Indeed, in so much recent discourse in the Church, it seems that the world’s definition of conscience has been taken instead of Newman’s. Not so long ago, an American bishop, now raised to the purple by the Holy Father, spoke of conscience not as God’s law apprehended by a rational creature, but as a decision, made at the end of a process. Now, it is true that this bishop did not go so far as the liberals of Newman’s day, but once one accepts conscience as a sort of judgment, rather than an individual’s implementation of God’s “sovereign, irreversible, absolute authority,” one is already skipping down the primrose path of liberalism. And no one was a stauncher opponent of liberalism than Cardinal Newman. Difficult questions of moral theology—questions of adultery, homosexual behavior, and access to the sacraments, to name but three—are once again being debated, with liberals invoking conscience in support of their positions. Liberalism is on the march again in the Roman Church. And, as an opponent of liberalism, Newman stands squarely against any attempt to turn conscience into nothing more than private judgment, into the more or less educated decision of a person to comply or not with God’s law. It is no wonder then that Newman was on Cardinal Caffarra’s mind.

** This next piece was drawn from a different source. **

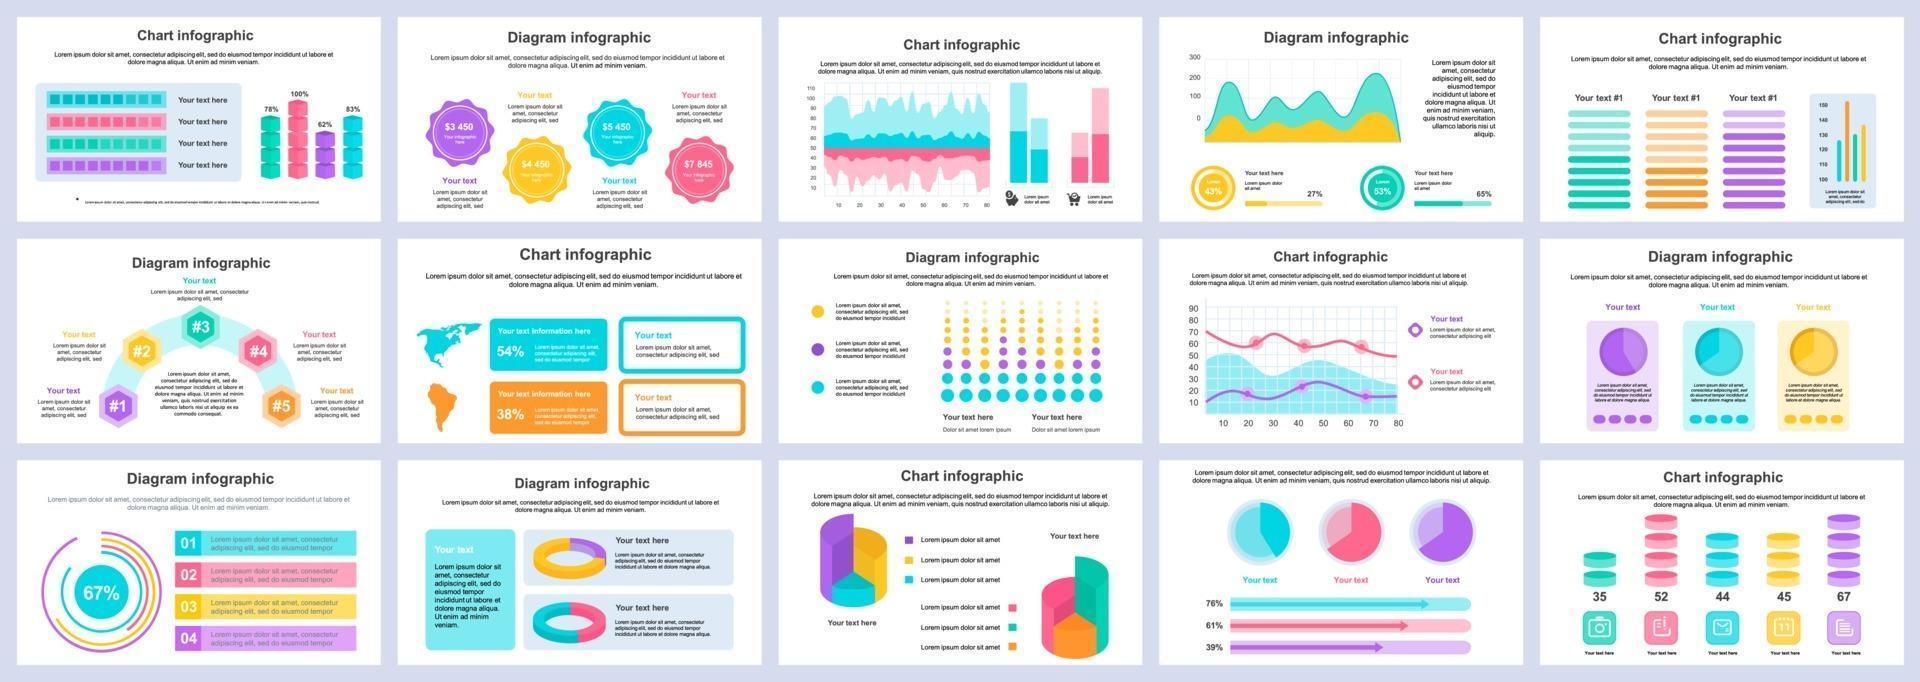 Plantilla de diapositivas de presentación de infografías de negocios y finanzas plantilla de diseño vectorial vector

As it becomes clear that progressives in the Church insist on relitigating every battle since 1965—as they obviously think that the Holy Father will give them their every wish, whether he will or not—it becomes equally clear that a return to theologians like Newman is necessary. You have no doubt heard the disquieting rumors that even Humanae vitae is in the sights of the modernists and progressives, to say nothing of the recent fights in Catholic social media over homosexuality. We do not think the Holy Father is prepared to go as far as the modernists and progressives demanding this or that accommodation, but it is in the nature of modernism for its adherents to go beyond legitimate authority. At this moment, it is necessary to recover the entire anti-liberal teaching of the Church, including the great papal teachings from Gregory XVI to Pius XI, in addition to Newman’s thought. Liberalism is nothing new, however new and upsetting the assault of the progressives may be. And the great anti-liberal popes and thinkers like Newman fought liberalism to a standstill.